Businesses, which Uhuru expects to maintain most of the social distancing rules to curb the spread of the disease, might be tempted to tweak them so as to meet the surge in the export markets.
WHO’s warning that the virus may be here to stay might also have informed Uhuru’s decision to reopen the economy. According to the UN body, people should learn to live with it just as they have learnt to live with HIV.
But with a vaccine not expected any time soon, countries are reopening cautiously.
Such precautions as washing hands, keeping physical distance, wearing masks, reckons Uhuru, will be with us for a while yet. Security guards at the entrance of your office might still retain their thermometer guns and sanitisers.
Some workers might continue working from home for the rest of the year, or like Twitter’s employees, forever.
Nelson Gitonga, a health economist, said there is a need for gradual reopening of the economy.
“Unless you give them strong safety nets, you can’t keep them at home for long. It reaches a point where you have to balance between the risks of infections vis-à-vis people dying of hunger and also social upheaval,” said Dr Gitonga, vouching for easing of the lockdown while maintaining the night-time curfew.
He also does not think curfews, pubs, schools and public service should resume normal operations.
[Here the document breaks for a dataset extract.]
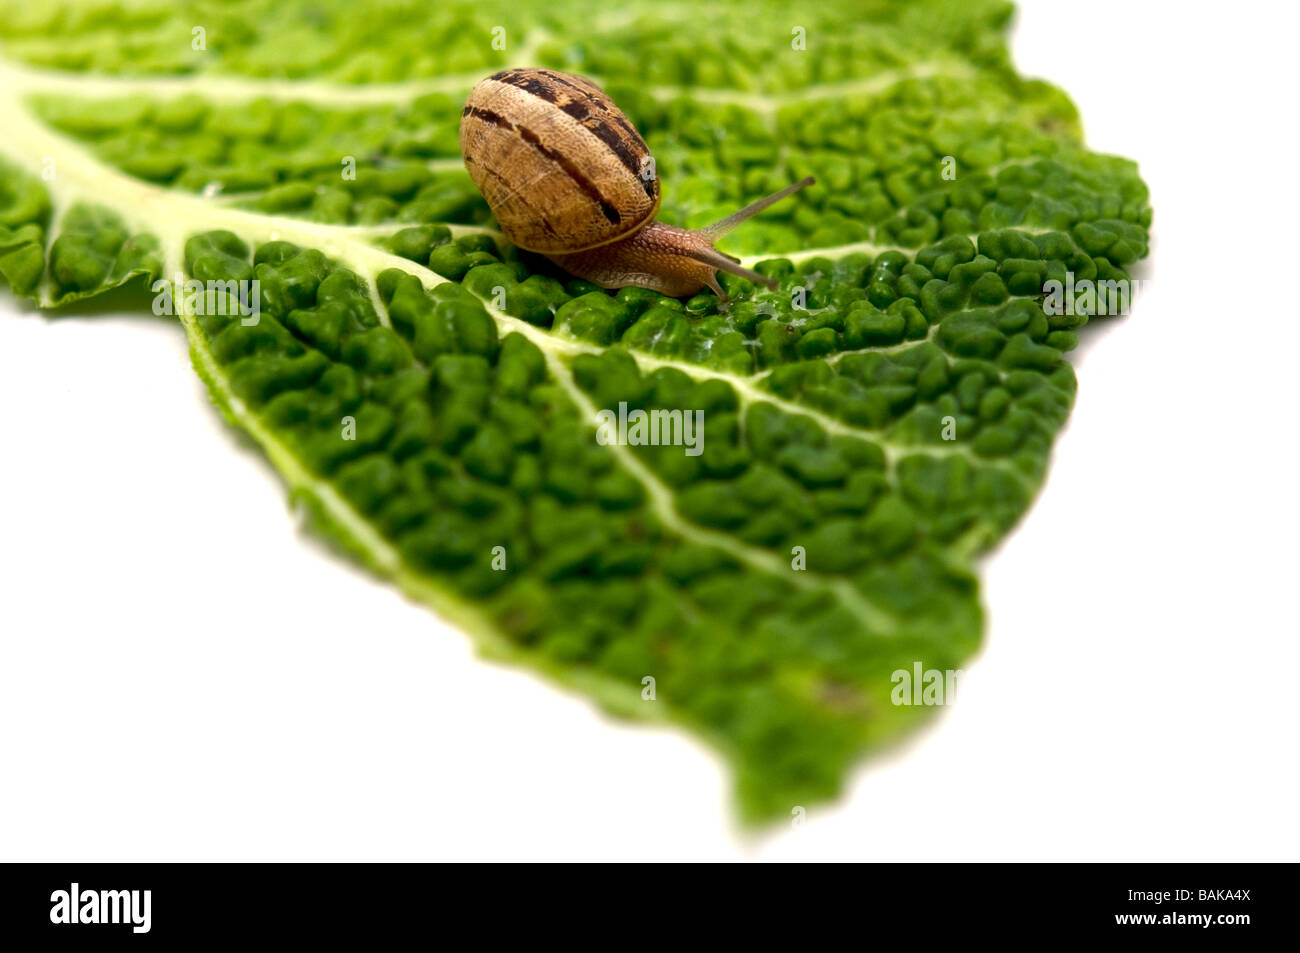 A snail Helix pomatia on a leaf on a white background Stock Photo

Two things, Gitonga said, could happen: “The epidemic could shoot very high and our hospitals are overrun with sick people, and that will be a lesson by itself; or the infections could increase, but a majority of the infections could be less severe or asymptomatic, with people developing some level of herd immunity.”
After all, explains the health economist, the whole point of flattening the curve has to do with avoiding overrunning the country’s weak health facilities with very many sick people all at once.
Meanwhile, Uhuru’s intention is to kill two birds with one stone. Most of his recently announced Sh53.7 billion economic stimulus package is not only aimed at curbing the spread of Covid-19, it is also aimed at creating jobs and injecting cash into the economy.